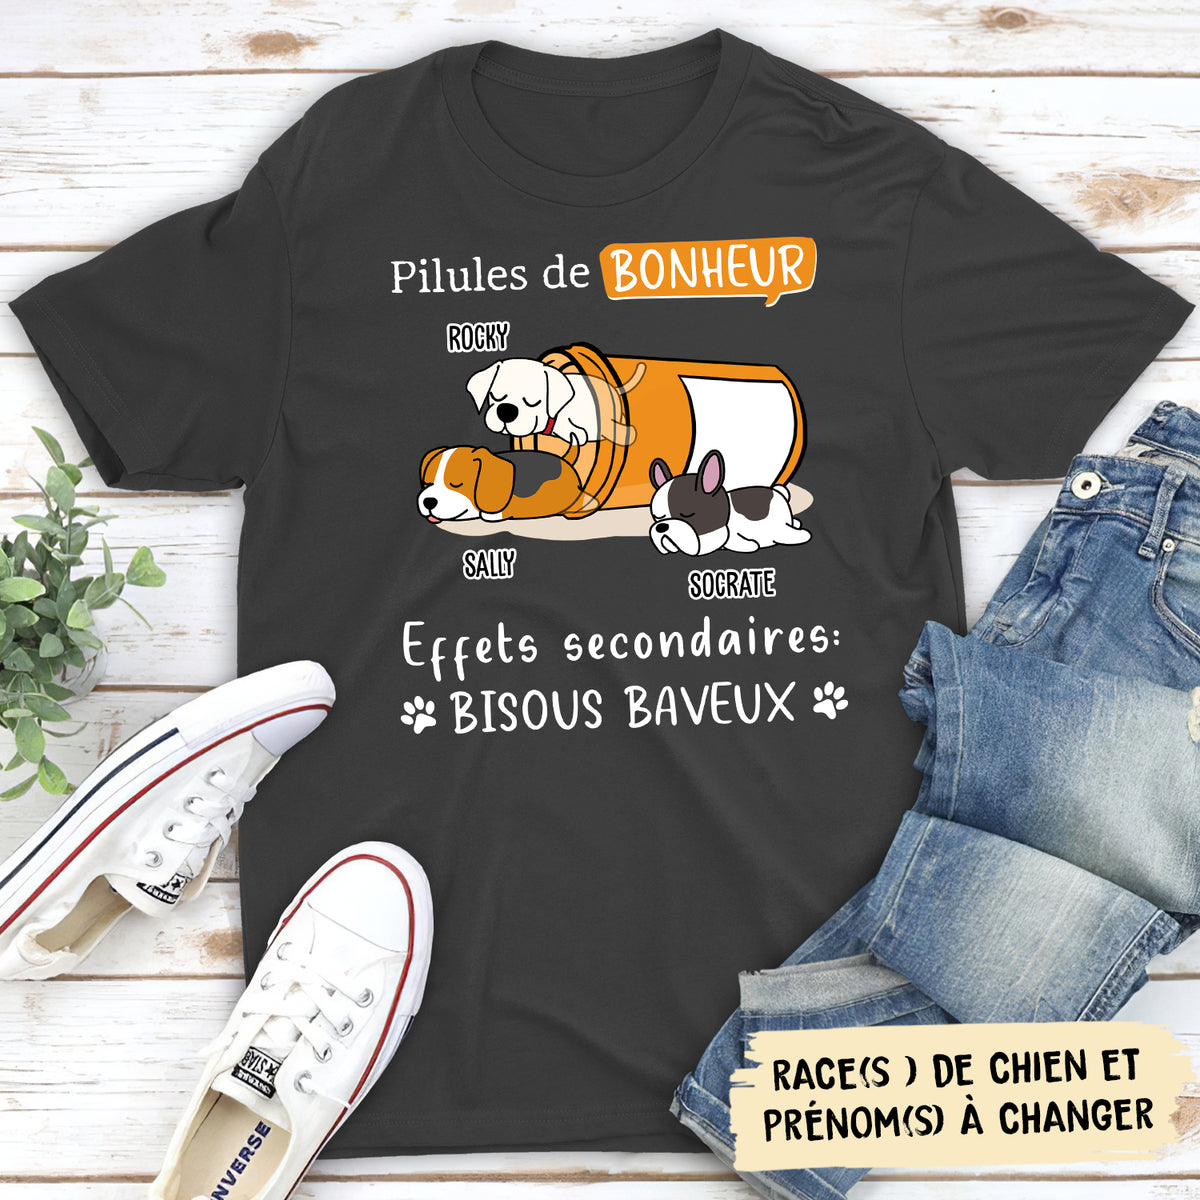 T-shirt Unisex Personnalisé - Pilule Bonheur - Version 2
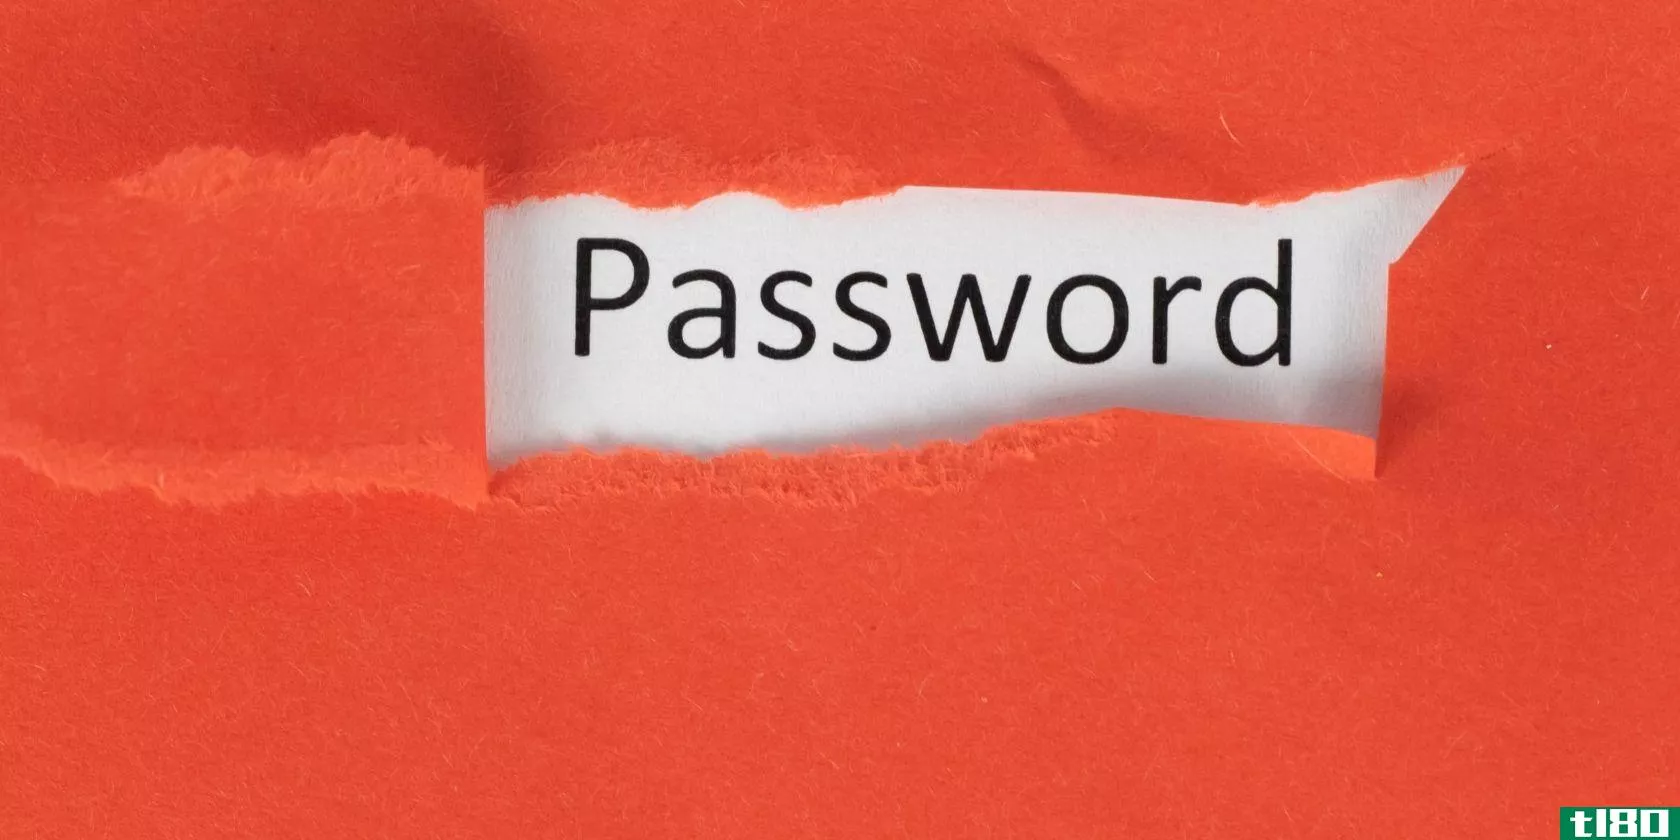 hidden-password-exposed
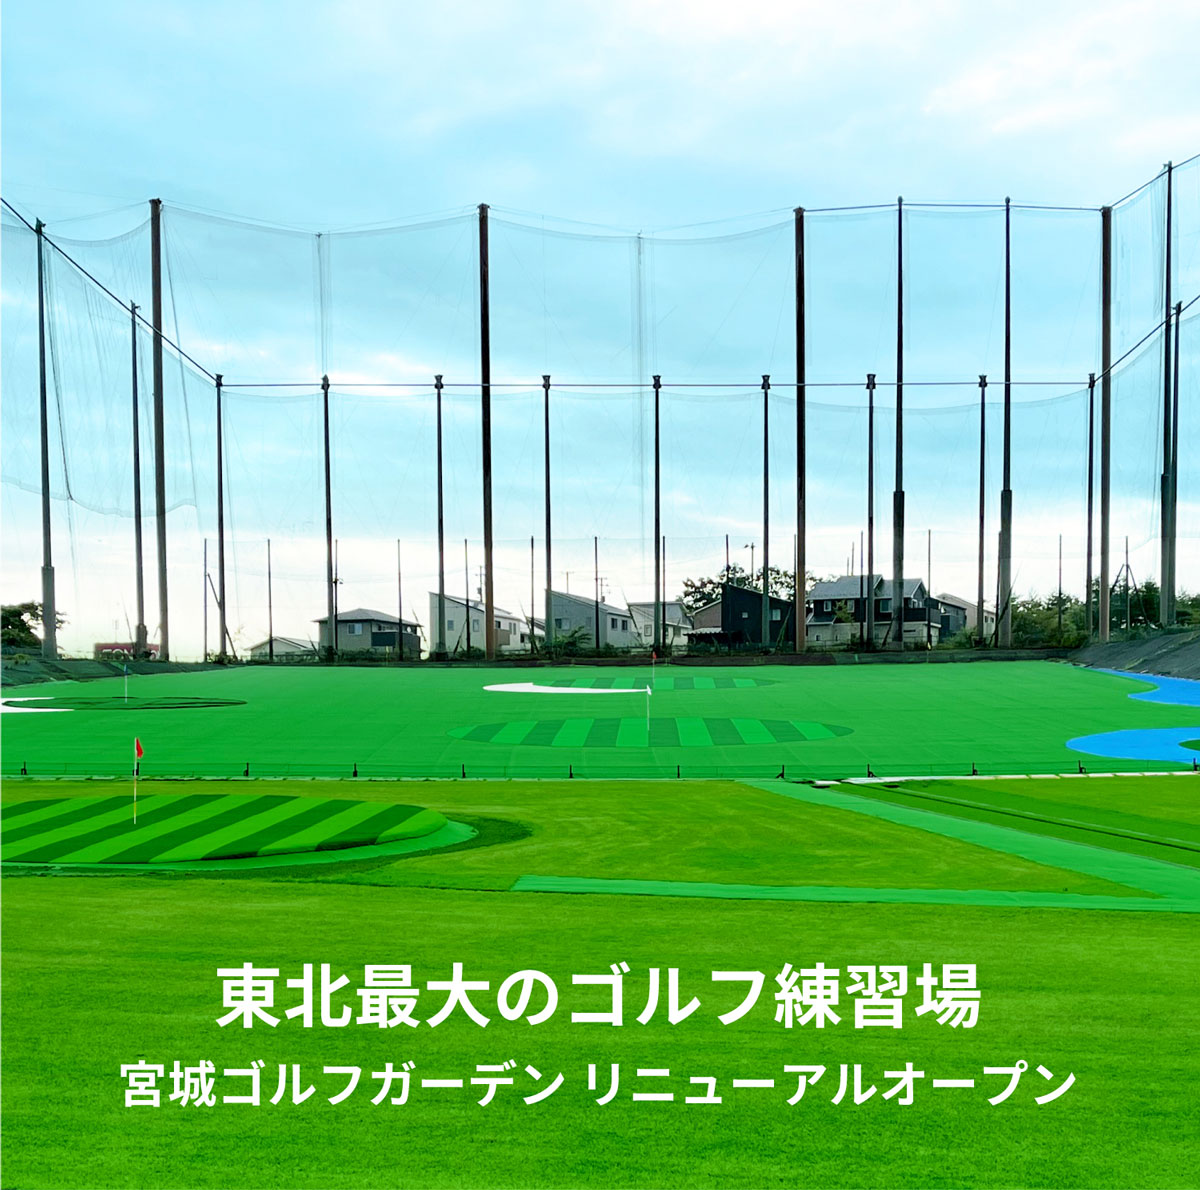 東北最大のゴルフ練習場 宮城ゴルフガーデン リニューアルオープン

DIRECTIONS: Across the whole listing above, repeat each line exactly and leave out the images.

TASK SOLUTION:
 T-shirt Unisex Personnalisé - Pilule Bonheur - Version 2
 hidden-password-exposed
 東北最大のゴルフ練習場 宮城ゴルフガーデン リニューアルオープン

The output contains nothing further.